To bridge this gap, HuggingFace offers a hub for large labs to resource their models to the public–allowing individuals to take advantage of massive models without the need to train them on their own.

What is Bumblebee?

Bumblebee is a project out of the Elixir Nx ecosystem which aims to implement a number of pre-trained Axon models and integrate with popular model “hubs”–most notably HuggingFace Hub.

The Python ecosystem has a number of model hubs that essentially act as git repositories for pre-trained model parameters and checkpoints. The HuggingFace hub is easily the most popular with over 60,000 pre-trained models and millions (or more) of downloads across all models.

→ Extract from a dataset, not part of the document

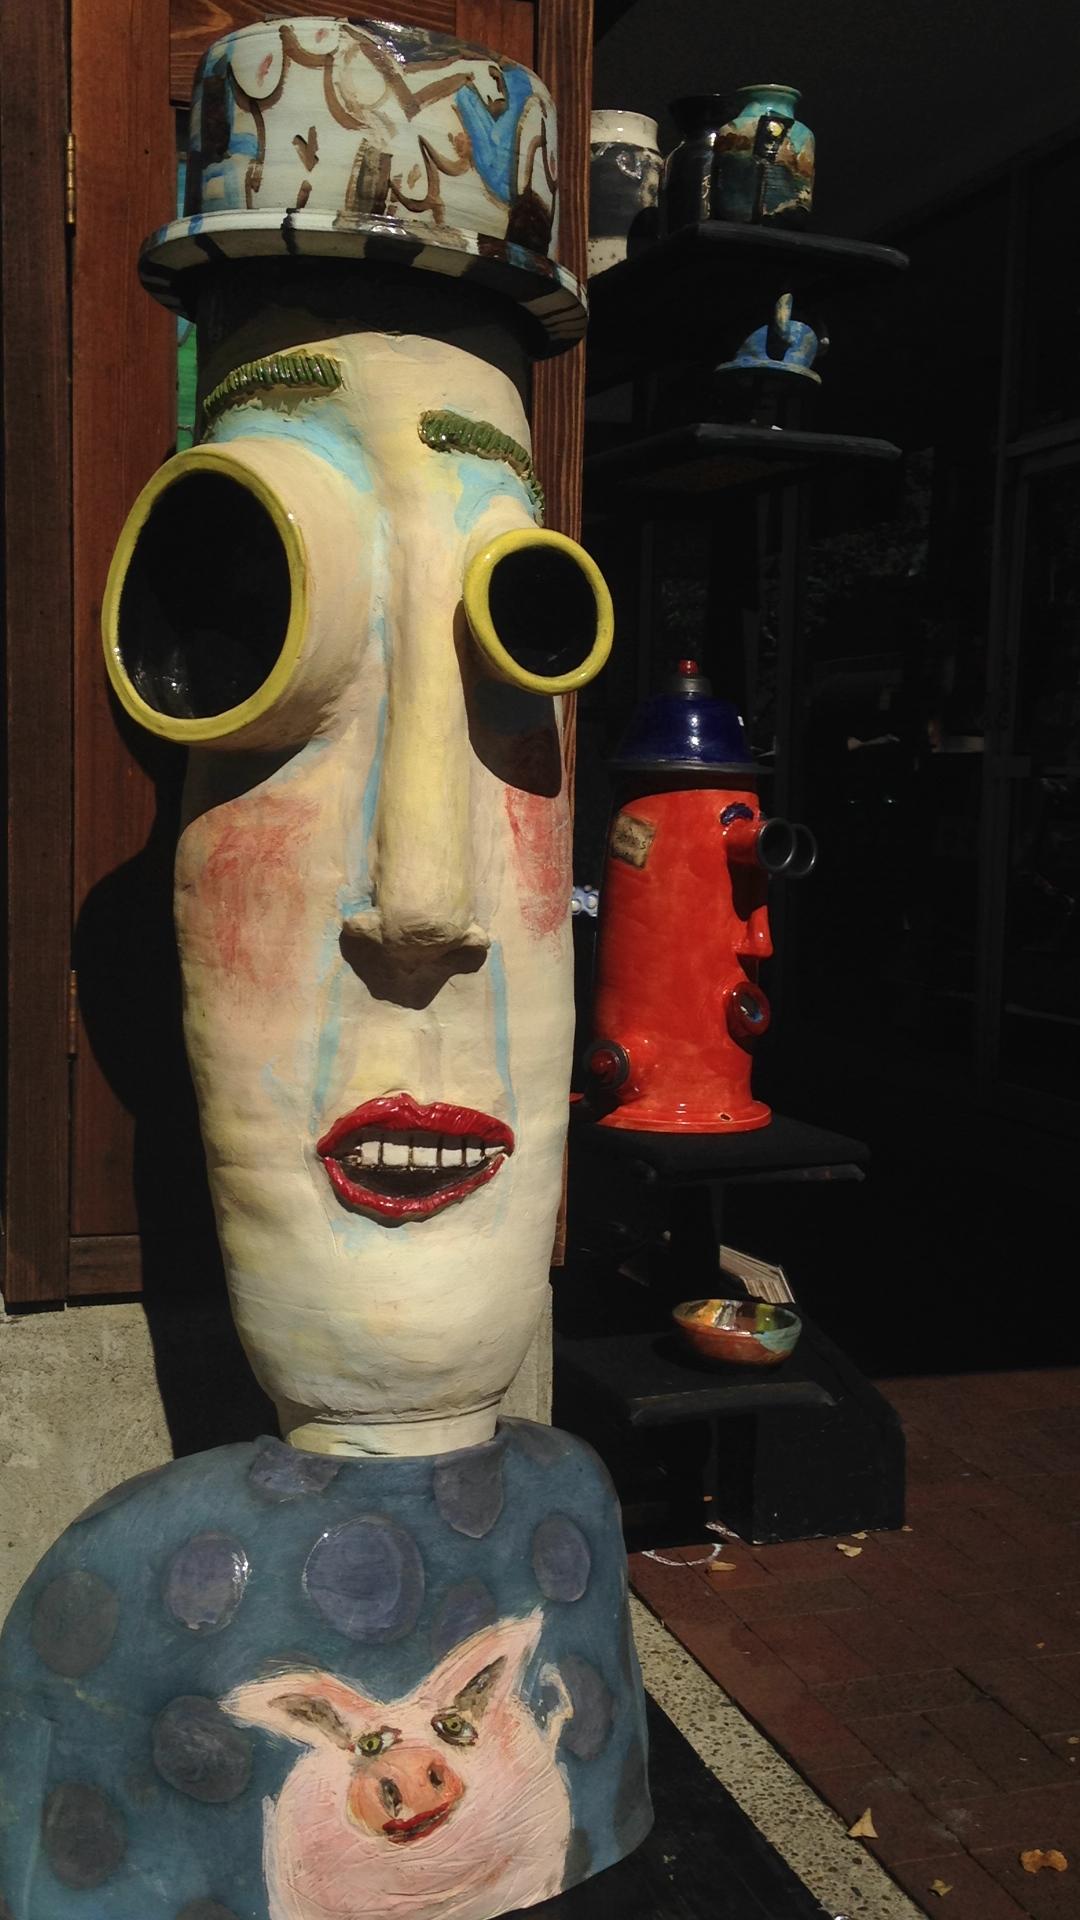 Chris Efstraris's ceramic sculpture grins at pedestrians at the Menlo Park Fine Arts & Crafts Fall Fest on Oct. 5, 2014 in Menlo Park, Calif. (Miranda Shepherd/Peninsula Press)

Access to pre-trained models and accessible machine learning applications is a massive advantage of the Python ecosystem. Bumblebee is an attempt to bridge the gap between the Python ecosystem and the Elixir ecosystem–without imposing any runtime constraints on the user.

The Bumblebee library is written in 100% pure Elixir. All of the models in Bumblebee are implemented in Axon and converted from supported checkpoints using pure Elixir code. At the time of this writing, Bumblebee interfaces with HuggingFace hub and can convert PyTorch checkpoints to Axon parameters for use directly with Axon models.

Much like HuggingFace Transformers, Bumblebee also aims to simplify common tasks around machine learning models such as text generation models, translation models, and more.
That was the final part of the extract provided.